How can we release GPU memory cache?

I would like to do a hyper-parameter search so I trained and evaluated with all of the combinations of parameters.
But watching nvidia-smi memory-usage, I found that GPU-memory usage value slightly increased each after a hyper-parameter trial and after several times of trials, finally I got out of memory error. I think it is due to cuda memory caching in no longer use Tensor. I know torch.cuda.empty_cache but it needs do del valuable beforehand. In my case, I couldn’t locate memory consuming variable.
What is the best way to release the GPU memory cache?



torch.cuda.empty_cache() (EDITED: fixed function name) will release all the GPU memory cache that can be freed.
If after calling it, you still have some memory that is used, that means that you have a python variable (either torch Tensor or torch Variable) that reference it, and so it cannot be safely released as you can still access it.

You should make sure that you are not holding onto some objects in your code that just grow bigger and bigger with each loop in your search.


Thanks, @albanD !
So, the variables no longer referenced will be freed by using torch.cuda.empty_cache() right?

And I started to locate the memory consuming objects, but I couldn’t locate what variables gave me a bad effect.
As for variables related to cuda, I use same variable name (e.g. model, criterion) in different trials.

Anyway, I suspected below evaluation loop (sorry, it’s version 0.4, maybe version causes the problem?),

for i, (X, y) in tqdm(enumerate(val_loader), total=len(val_loader)):
    X = Variable(X.cuda())
    y = Variable(y.squeeze().cuda(non_blocking=False))

    with torch.no_grad():
        outputs = model(X)
        loss = criterion(outputs, y)

    prec1, prec5 = accuracy(, target, top_k=(1, 5))
    losses.update([0], X.size(0))
    top1.update(prec1[0], X.size(0))
    top5.update(prec5[0], X.size(0))

So any variable that is no longer reference is freed in the sense that its memory can be used to create new tensors, but this memory is not released to the os (so will still look like it’s used using nvidia-smi).
empty_cache forces the allocator that pytorch uses to release to the os any memory that it kept to allocate new tensors, so it will make a visible change while looking at nvidia-smi, but in reality, this memory was already available to allocate new tensors.

Your code look good, I would double check that things that you send to your logger are not Variables but just python numbers using .item() as necessary.

Also, if you’re using 0.4 (I assume current master), then you should remove Variable and .data from your code and replace[0] by loss.item() :wink:


Thank you for detailed answering!

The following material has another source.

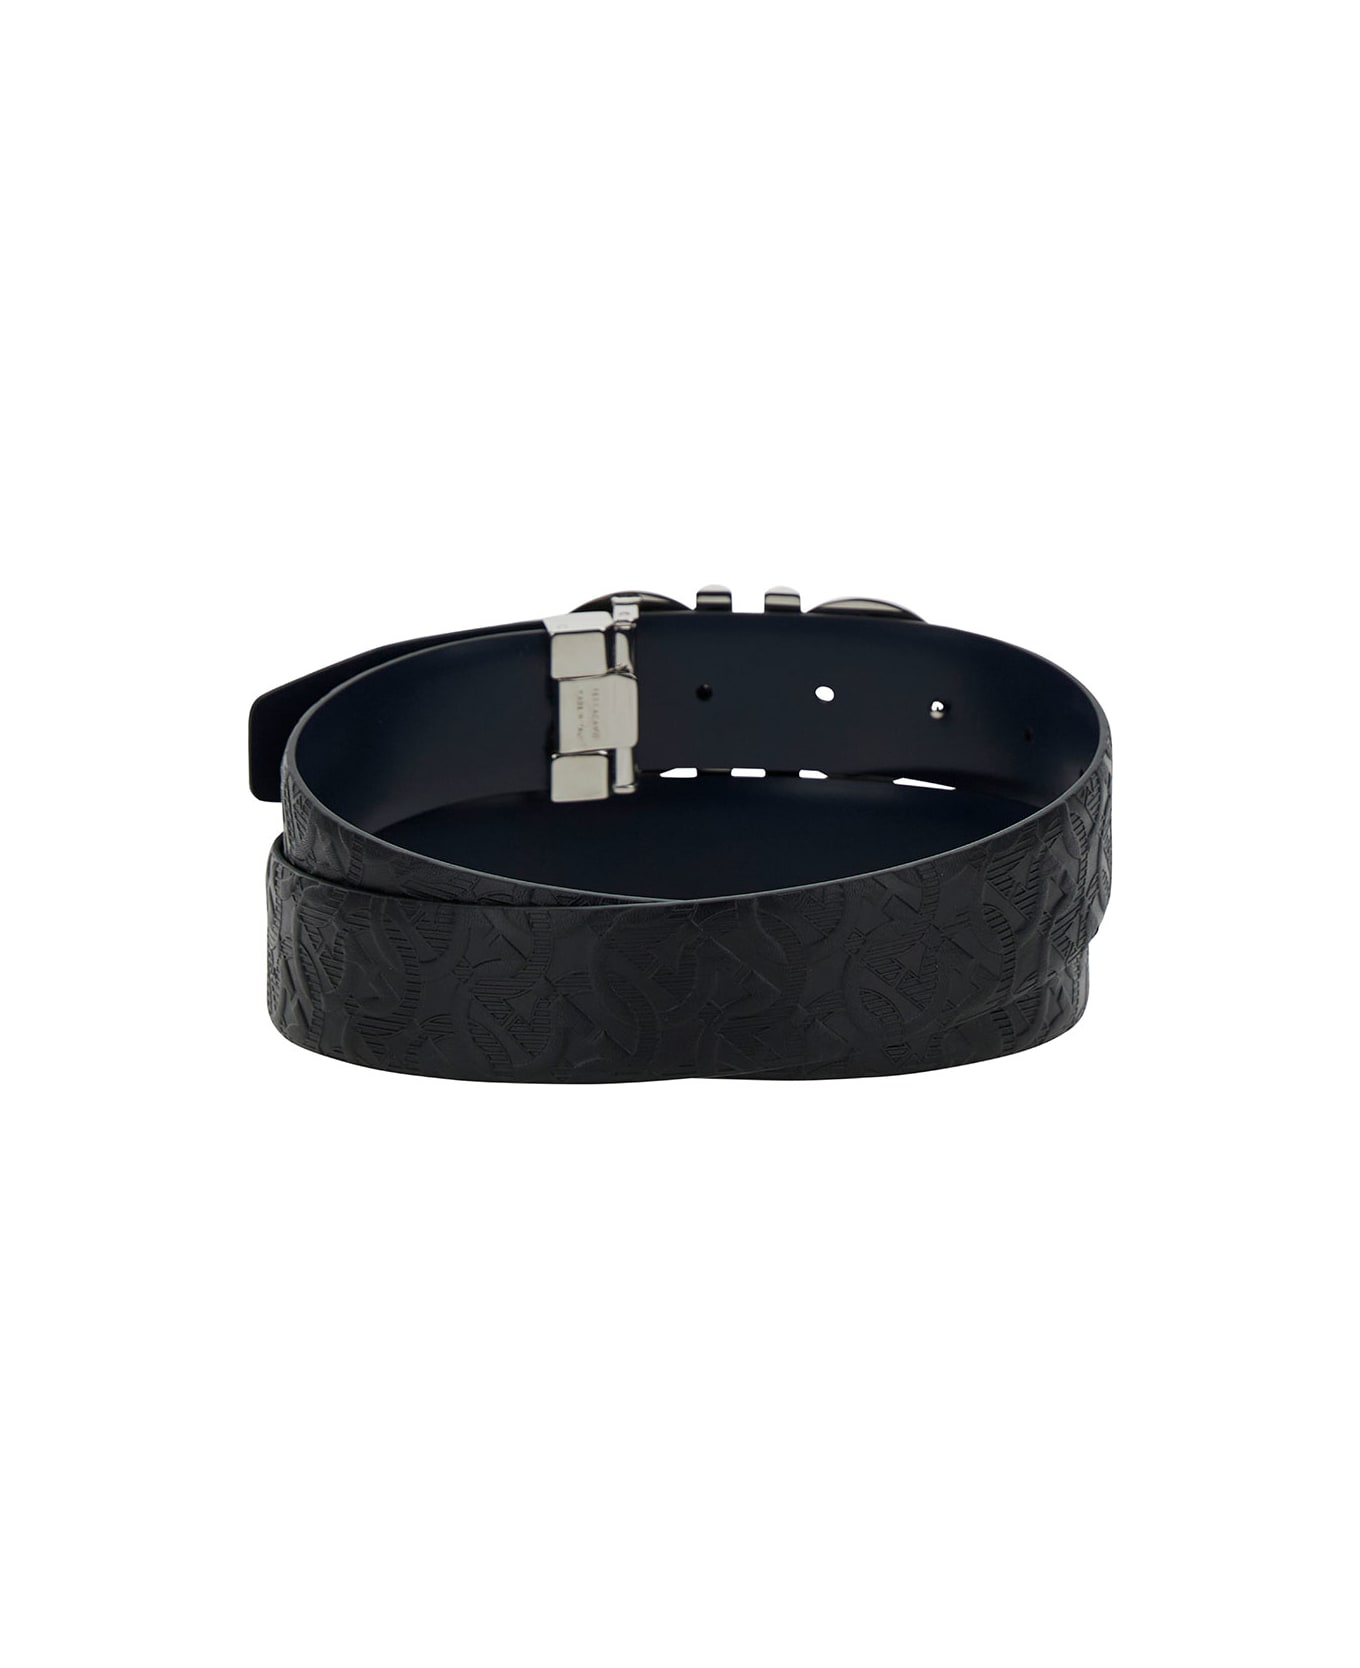 Ferragamo Black Leather Belt With Logo Buckle - Black

I tried other things such as del model, loss, ... but no one helps…
Actually, I am using a little bit older version from the current master branch. But I have thought I should remove Variable and refactor code someday, so your instruction is so helpful, Thanks!

AttributeError: module ‘torch.cuda’ has no attribute ‘empty’

Yes that was a typo I fixed it thanks.

1 Like

The variables prec1[0] and prec5[0] still hold reference to tensors. These should be replaced with prec1[0].item() and prec5[0].item() respectively. This is due to the fact that the accuracy method part of the pytorch imagenet training example code returns a tensor and can cause memory leak.

@albanD Could you please clarify the difference between detach() and item() when called on a tensor. Are these effectively the same?

1 Like

detach() return a tensor that shares storage (and the same device) with origin tensor, while item() return a converted python object.


I also face memory problem and using this command works.

Why torch doesn’t empty cache automatically though? Does emptying cache have much overhead?

I have a question that is it safety to use torch.cuda.empty_cache() before each iteration during training?

This should be safe, but might negatively affect the performance, since PyTorch might need to reallocate this memory again.
What is your use case that you would like to call it for each iteration?

What is the negative effect? My code runs more and more slowly and sometimes it may interrupt due to memory error, so I have thought to use it before each iteration. I don’t know does it have an effect on the speed?

If you see increasing memory usage, you might accidentally store some tensors with the an attached computation graph. E.g. if you store the loss for printing or debugging purposes, you should save loss.item() instead.

This issue won’t be solved, if you clear the cache repeatedly. As I said this might just trigger unnecessary allocations which will take some time thus potentially slowing down your code.


I see.
Thanks very much.

Just to clarify, item() deallocates loss? Its not clear to me what exactly item is doing.

.item() converts a Tensor containing a single element into a python number.
It does not “deallocate” loss. But it won’t keep it alive.

1 Like

This works only some of the times.

Even when I clear out all the variables, restart the kernel, and execute torch.cuda.empty_cache() as the first line in my code, I still get a ‘CUDA out of memory’ error.

I have the same issue as well. Has anyone found why does this happen?

1 Like


Running empty_cache at the beginning of your process is not useful as nothing is allocated yet.
When you restart the kernel, you force all memory to be deallocated.
So if you still run out of memory it is simply because your program requires more than what you have. You will most likely have to reduce the batch size or the size of your model.